The PLRA mandates that remedies imposed by courts to alleviate constitutional violations within jails “extend no further than necessary to correct the violation of the Federal right.” 18 U.S.C. § 3626(a)(1)(A). To issue prospective relief under the PLRA, a federal court must make a written finding that the relief is “narrowly drawn, extends no further than *170 necessary to correct the violation of the Federal right, and is the least intrusive means necessary to correct the violation of the Federal right.” Id. Although the need-narrowness-intrusiveness requirement for prospective relief “might at first glance seem to equate permissible remedies with constitutional mínimums, a remedy may require more than the bare minimum the Constitution would permit and yet still be necessary and narrowly drawn to correct the violation.” Benjamin v. Fraser, 343 F.3d 35, 54 (2d Cir.2003), Coverruled on other grounds by Caiozzo v. Foreman, 581 F.3d 63, 70 (2d Cir.2009)). Over-inclusive remedies are permissible when they provide practicable “means of effectuation].” Handberry v. Thompson, 446 F.3d 335, 346 (2d Cir.2006) (quoting Benjamin, 343 F.3d at 54 (alteration in original)). In an instance where the Department argued that a court order was over-broad in instructing that all prison windows designed to be opened must be operational, we found that while the Constitution would certainly permit one or two broken windows in a prison, the impracticability of the court checking each and every window rendered comprehensive repairs “a necessary and narrowly drawn means of effectuating relief.” Benjamin, 343 F.3d at 54.

Since the 2001 Order was entered, the record shows a troubling pattern of noncompliance and misrepresentations on the part of the Department. The Department certified to the district court that its facilities were in substantial compliance with the requirements of the 2001 Order in letters sent to Judge Baer in the springs of 2004 and 2005. In September 2005, Lawless & Mangione, LLP (“L & M”), an architect and engineering firm hired by the Office of Compliance Consultants (“OCC”) 2 to investigate and report on the Department’s compliance with the 2001 Order, published a finding that ventilation and cooling systems in a sample-set of Department prisons failed to comply with the 2001 Order and that, inter alia, “[s]ig-nifigant upgrades” were necessary for the facilities to satisfy constitutional requirements. In a letter sent to Judge Baer in spring 2006 the Department represented that the majority of its facilities were in compliance with the 2001 Order, but that it was in the process of hiring a ventilation consultant to remedy some of the issues highlighted by the September 2005 report of L & M. L & M published a second, more comprehensive, report (the “L & M Report”) in September 2006, which found substantial shortcomings and deficiencies throughout the Department’s facilities and identified a litany of mechanical, structural and electrical upgrades necessary to bring the facilities into compliance with the 2001 Order.

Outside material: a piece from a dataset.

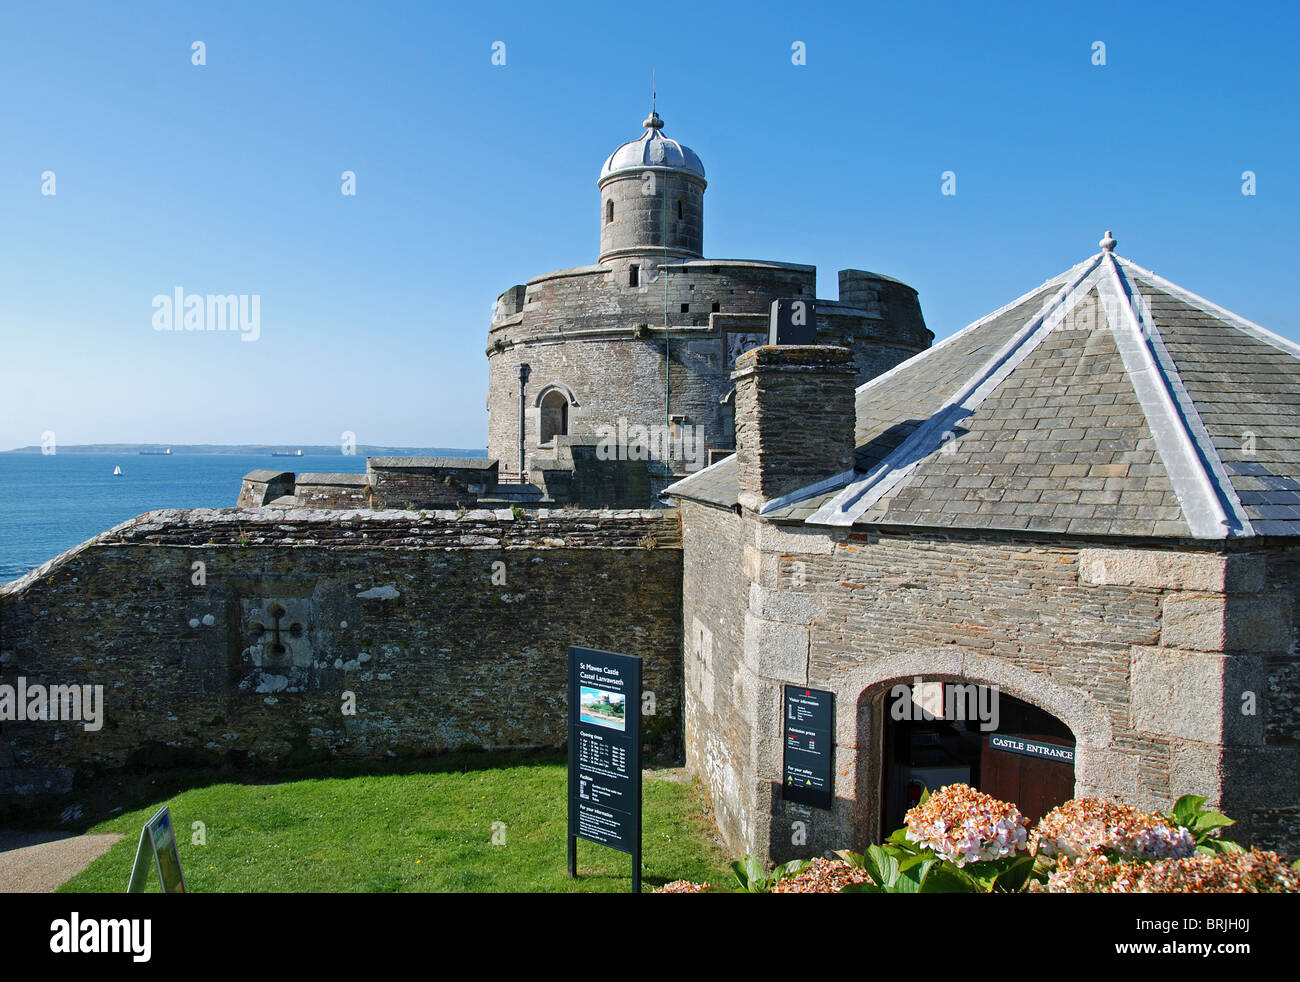 St mawes,château surplombant la baie de Falmouth, à Cornwall, uk Banque D'Images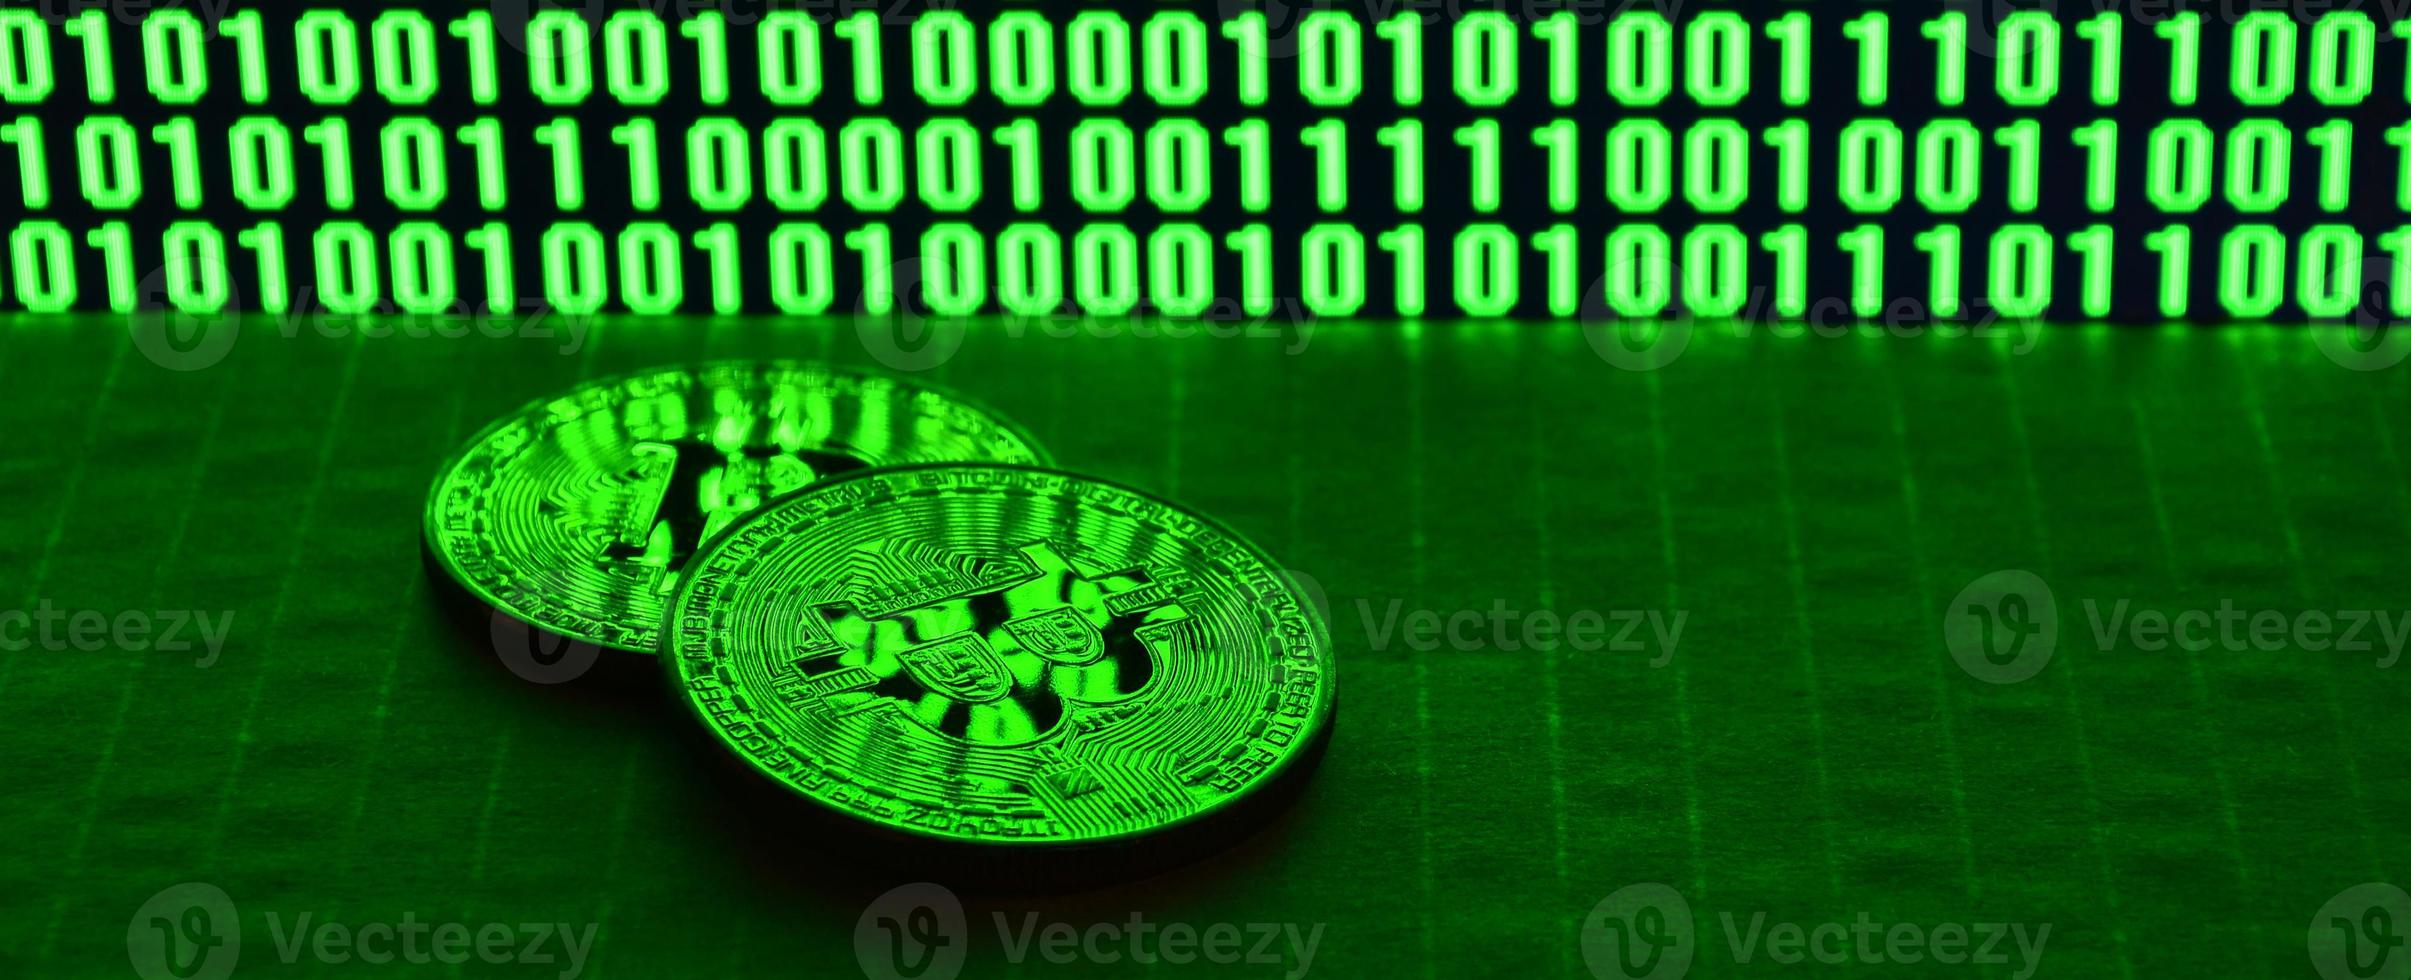 um par de bitcoins está em uma superfície de papelão no fundo de um monitor representando um código binário de zeros verdes brilhantes e unidades de um em um fundo preto. iluminação baixa chave foto

Appellees wrote to Judge Baer requesting that the Department explain their failure to disclose the deficiencies in its 2006 certification, alleging that the Department’s certifications to date “appear to be substantially false,” and pleading for a plan to “ensure the accuracy of all future certifications.” Writing to the parties on October 23, 2006, Judge Baer stated that “[he] too should like some answers.”

The Department hired its own ventilation consultant, Daghler Engineering (“Daghler”), which published a study of the Department facilities (“Daghler Study”) in February 2007, confirming the findings of the L & M Report. Based upon the findings of the Daghler study, as well as those of the L & M Report, the Department crafted a comprehensive remediation plan (the “Department Plan”), and presented it to the district court and *171 the plaintiffs in September 2007. Reviewing the plan in May 2008, L & M concluded that the Department Plan was “very comprehensive” and designed “to encompass all the requirements of [the L & M Report],” but it warned that the plan was dangerously self-certifying considering that “the same individuals who are responsible for implementing the plan are also evaluating whether the implemented measures are actually working.” Two months later appellees moved for the district court to embody the Department Plan in an order.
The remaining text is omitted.